April 14, 2022 – Thumos Seminar
Cain Todd (Lancaster)
Are there Aesthetic Emotions?
There has been a recent debate about the existence of a class of purportedly distinctive aesthetic emotions. Interestingly, it has largely been carried out within an interdisciplinary context by empirical researchers and to some extent independently of traditional philosophical disputes concerning the nature and character of what is usually referred to as aesthetic experience. In this talk I examine the dispute, while considering more generally the relation between supposedly paradigmatic aesthetic experiences and (aesthetic) emotions. I will argue that there is no distinctive class of aesthetic emotions, but that both affective and non-affective states can be marked by a distinctively aesthetic ‘character’ or ‘mode’. In addition to articulating this ‘mode’, I will make some remarks about the relationship between empirical and philosophical explanations of the phenomena at issue.
This talk is followed by Lorenzo Cocco's PhilEAs Talk
April 28, 2022 – Thumos Seminar
Edgar Phillips (Paris)
A Stain on one's character: Identity, change and the persistence of guilt
Philosophical discussions of moral responsibility for actions typically focus on articulating the conditions that must obtain at the time of acting for an agent to be, having acted, responsible for what they have done. Less has been said about how responsibility, along with related conditions such as blameworthiness and guilt, persists over time and what if anything might condition, and in particular lessen, our responsibility for our past actions. Recent treatments of the latter issue have claimed that responsibility is sustained over time by psychological continuity, meaning psychological change can render an agent no longer responsible for their past actions (Khoury 2013, Khoury and Matheson 2018, Matheson 2014). I argue that this view rests on a mistaken conception of blame and blameworthiness as concerned with the agent’s moral character (narrowly and individualistically construed) rather than the moral significance of their actions as such. I bring this out through considering the nature of a victim’s anger and of a wrongdoer’s remorse, and the ways in which such anger and remorse seek resolution not merely in a change in the wrongdoer's psychology but in their addressing the wrong through (for instance) repentance, atonement and reparative action.
This talk is followed by Giovanni Merlo's PhilEAs Talk
May 5, 2022 – Thumos Seminar
Hanno Sauer (Utrecht)
Criteria of Moral Progress
Moral progress occurs when things change for the better, morally speaking.
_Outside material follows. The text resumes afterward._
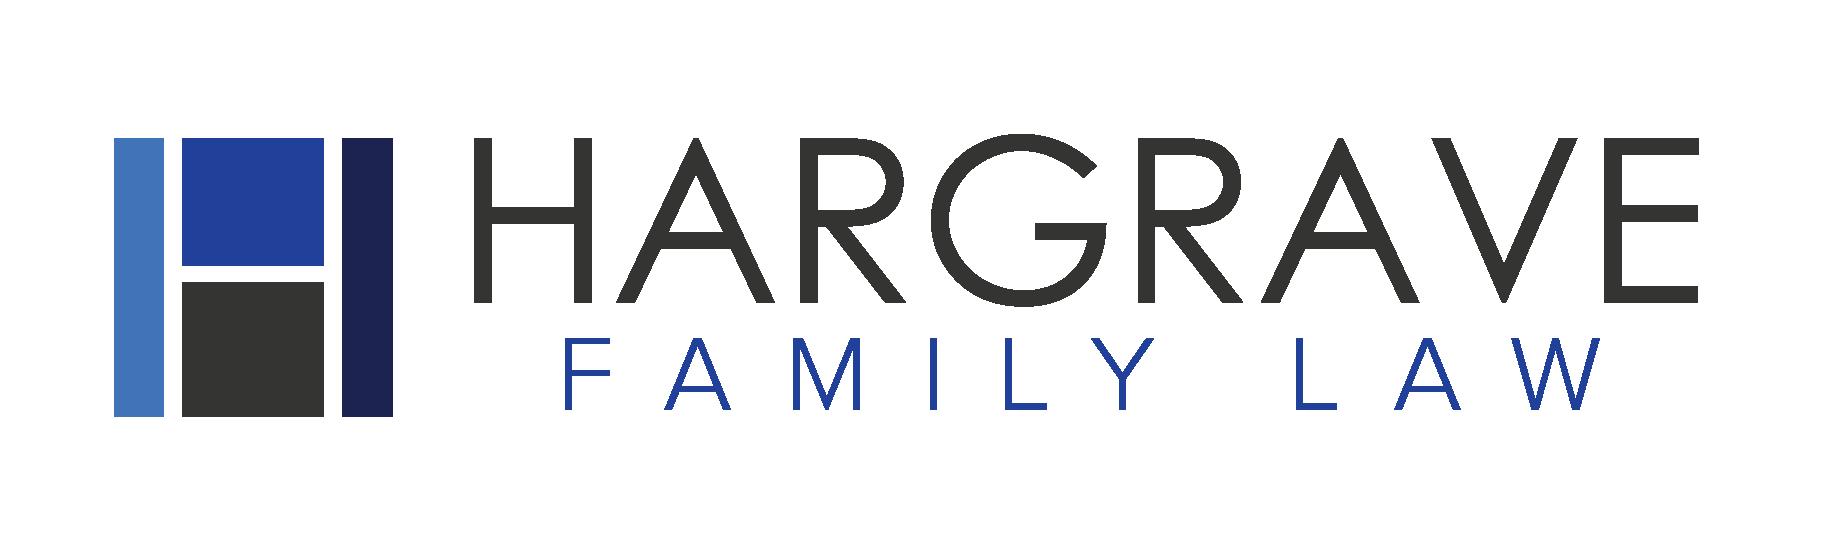 Hargrave Family Law logo

The topic of moral progress has recently experienced a resurgence of interest in several disciplines. However, making judgments of moral progress raises a number of epistemic questions which thus far have not been systematically addressed in the literature. We dub these criterial problems, and argue that addressing them is important if we want to avoid errors in making judgments about moral progress. In this paper we address four important criterial problems for making moral progress judgments. First, questions of what the unit of analysis is for moral progress judgments: what is undergoing morally progressive change? Second, questions of timescale: over what period of time is moral progress occurring, and is this relevant for justifying claims of moral progress? Third, what moral criteria are being used to make moral progress judgments and how are these criteria justified? Fourth, how should we make progress judgments when there has been morally progressive change from the point of view of one moral standard but morally regressive change from the point of view of another? We analyze each of these epistemic problems for making moral progress judgments, assess whether they lead to skepticism about such judgments, and suggest possible solutions to each problem.
May 12, 2022 – Thumos Seminar
Maria Silvia Vaccarezza (Genoa, in collaboration with Ariele Niccoli)
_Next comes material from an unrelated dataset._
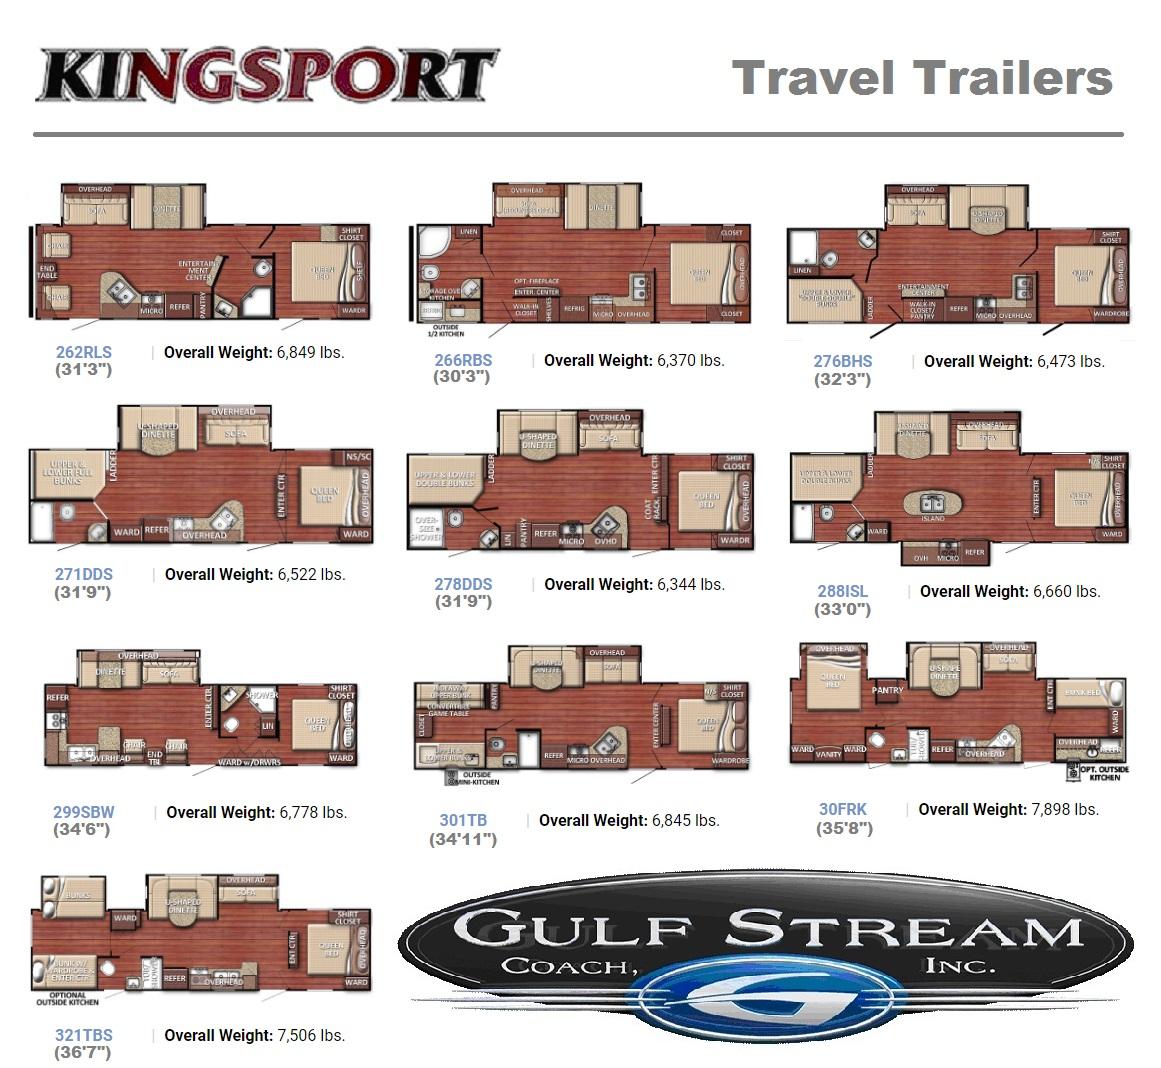 Kingsport floor plans

Let the donkeys be donkeys: in defense of inspiring envy
Once upon a time, Aesop says, there was a donkey who wanted to be a pet dog. The pet dog was given many treats by the master and the household servants, and the donkey was envious of him. Hence, the donkey began emulating the pet dog. What happened next? The story ends up with the donkey beaten senseless, chased off to the stables, exhausted and barely alive. Who is to blame for the poor donkey’s unfortunate fate? Well, there could be disagreement upon this, but I think emulation is to blame. And it’s on the kinds of envy-related emulation that I focus on in this talk.
More analytically, I aim at vindicating the role of envy for moral exemplars within an exemplarist character educational framework. In the first section, I recall the central tenets of an exemplarist account of moral progress, and highlight how negative emotions, in general, have suffered a bad press within character education, with exemplarism being no exception. Then I provide a brief outline of standard strategies of defending envy by appealing to useful taxonomies of envy (e.g., Taylor 1988; Protasi 2016; Fussi 2018). After that, I put forward my 'Donkey Objection' by recalling Aesop’s fable on "foolish imitation", so as to show that when envy triggers mere emulation, it can bear devastating effects such as conformism and a lack of self-worth and personal integrity.
In response to this objection, I bring into play a distinction between two rival forms of imitation—emulation and inspiration—and I coin the label of "inspired envy" for those forms of imitation by inspiration triggered by envy that lead to self-improvement avoiding morally detrimental consequences.
This talk is followed by Sven Rosenkranz's PhilEAs Talk
May 19, 2022 – Thumos Seminar
Ronnie De Sousa (Toronto)
Attitudinalism and the Objectivity of Values
Two rival views of emotions and their relation to values have recently gained prominence. On the ‘perceptualist’ model (P), emotions are apprehensions of the values instantiating their formal objects. On the ‘attitudinal’ (A), each emotion is a distinct attitude, the evaluative force of which generates the value ascribed to the emotion's target. After framing the debate in Part I, I begin, in Part II, by defending (P) against Jean Moritz Müller's charge of is incoherence. Part III explains why I nevertheless endorse a view very close to Müller's own. Müller's version of (A), however, is not radical enough. Contrary to what he and others take for granted, formal objects are not value properties, but non-normative properties of situations, particulars or states of affairs. Part IV defends that more radical version of (A) against an argument adduced by Rossi and Tappolet against the version of (A) propounded by Deonna and Teroni. Contrary to Rossi and Tappolet's contention, there is no need for value properties to be represented in the content of emotional attitudes. Part V offers brief reflections on two consequences of this radical view. One is the problem of explaining what is commonly meant by a ‘value’, as distinct from an individual preference. The second is that insofar as any values deserve to be thought of as objective, some do so more than others.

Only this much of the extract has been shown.